IEEE754 32-bit single precision format

Question

I have a question like this:

Show how the number $-12.75$D is stored in the computer's storage using IEEE754 32-bit single precision format. You are required to show your conversion steps clearly.

My answer is:

$-12.75\mathrm{D}=-1100.11\mathrm{B}$
normalization: $-1.10011\times 2^3$
$E(D)=127+3=130\mathrm{D}$
$E(B)=130\mathrm{D}=1000\ 0010\mathrm{B}$
sign: negative: $1$
$IEEE 754(SP)=1\ 10000010\ 10011....\mathrm{B}$

Is it correct?

Answer 1

Your final version is correct. $\require{enclose} \def\xD{{}_{10}} \def\xB{{}_{2}} $

Given any real number, if its representation in basis $b$ ($2 \le b \le 10$) is given by a string $???$ consists solely of digits and at most one decimal point, we will use the notation $???_{b}$ to label it.

Since $$ -12.75\xD = -(2^3 + 2^2 + 0 + 0 + 2^{-1} + 2^{-2}) = -1100.11\xB = -1.10011\xB \times 2^3$$ the sign bit $S$ is $1$, exponent $E$ is $3\xD$ and the mantissa $M$ is $1.10011\xB$.

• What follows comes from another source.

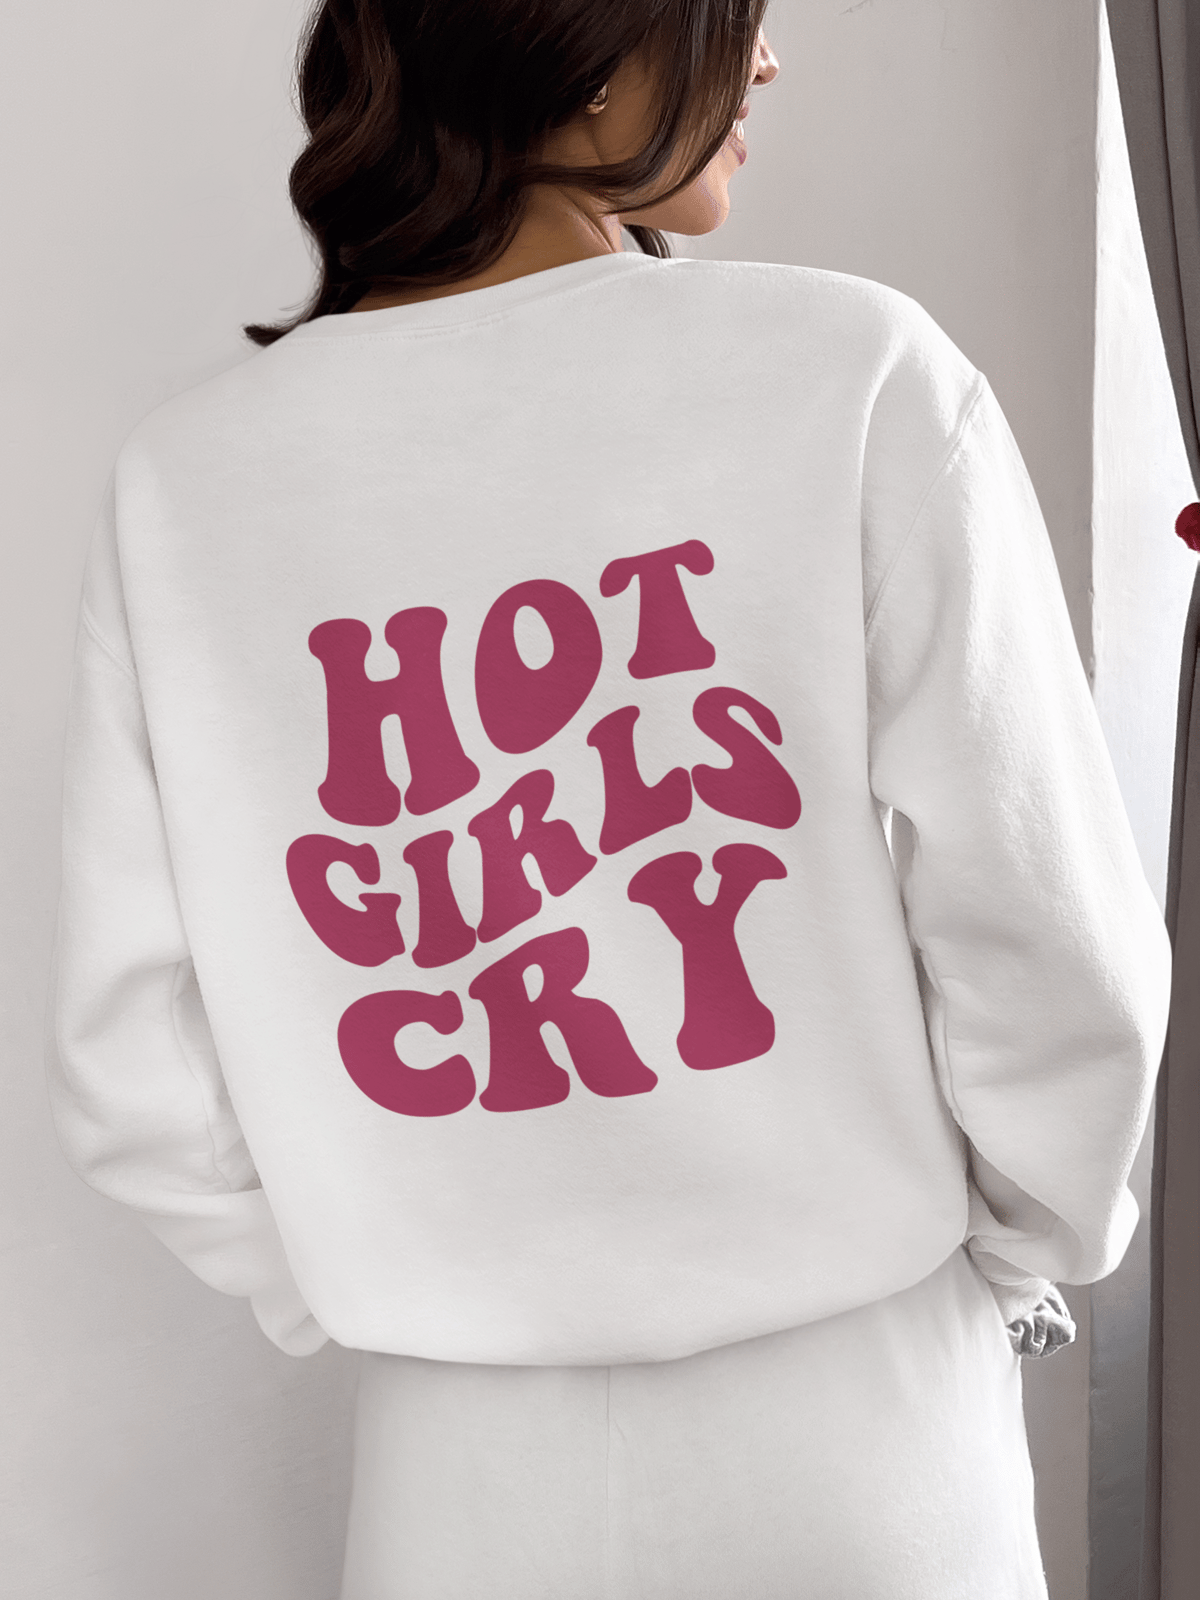 HOT GIRLS CRY CREW | Soul Stitch

For IEEE754 single precision numbers, we use

• $1$ bit for sign, $S = 1 \mapsto \color{red}{\enclose{box}{1}}$
• $8$ bit for exponent but encoded with an offset of $127$. So $$E = 3\xD \mapsto 3\xD + 127\xD = 130\xD = (2^7 + 2^1) = 1000 0010\xB \mapsto \color{green}{\enclose{box}{1000\;0010}} $$
• $24$ bit for mantissa but the leading bit is implicit and only $23$ bits are stored. $$M = 1.10011\xB \mapsto 1\color{blue}{\enclose{box}{100\;1100\;0000\;0000\;0000\;0000}}$$

Under IEEE754, $-12.75\xD$ will be encoded as

$$\color{red}{\enclose{box}{1}}\!-\!\color{green}{\enclose{box}{1000\;0010}}\!-\!\color{blue}{\enclose{box}{100\;1100\;0000\;0000\;0000\;0000}}$$

There are several single precision converter on the web. The one I used for reference is this. Play with it and it will help you understand how floating points numbers are encoded in this format.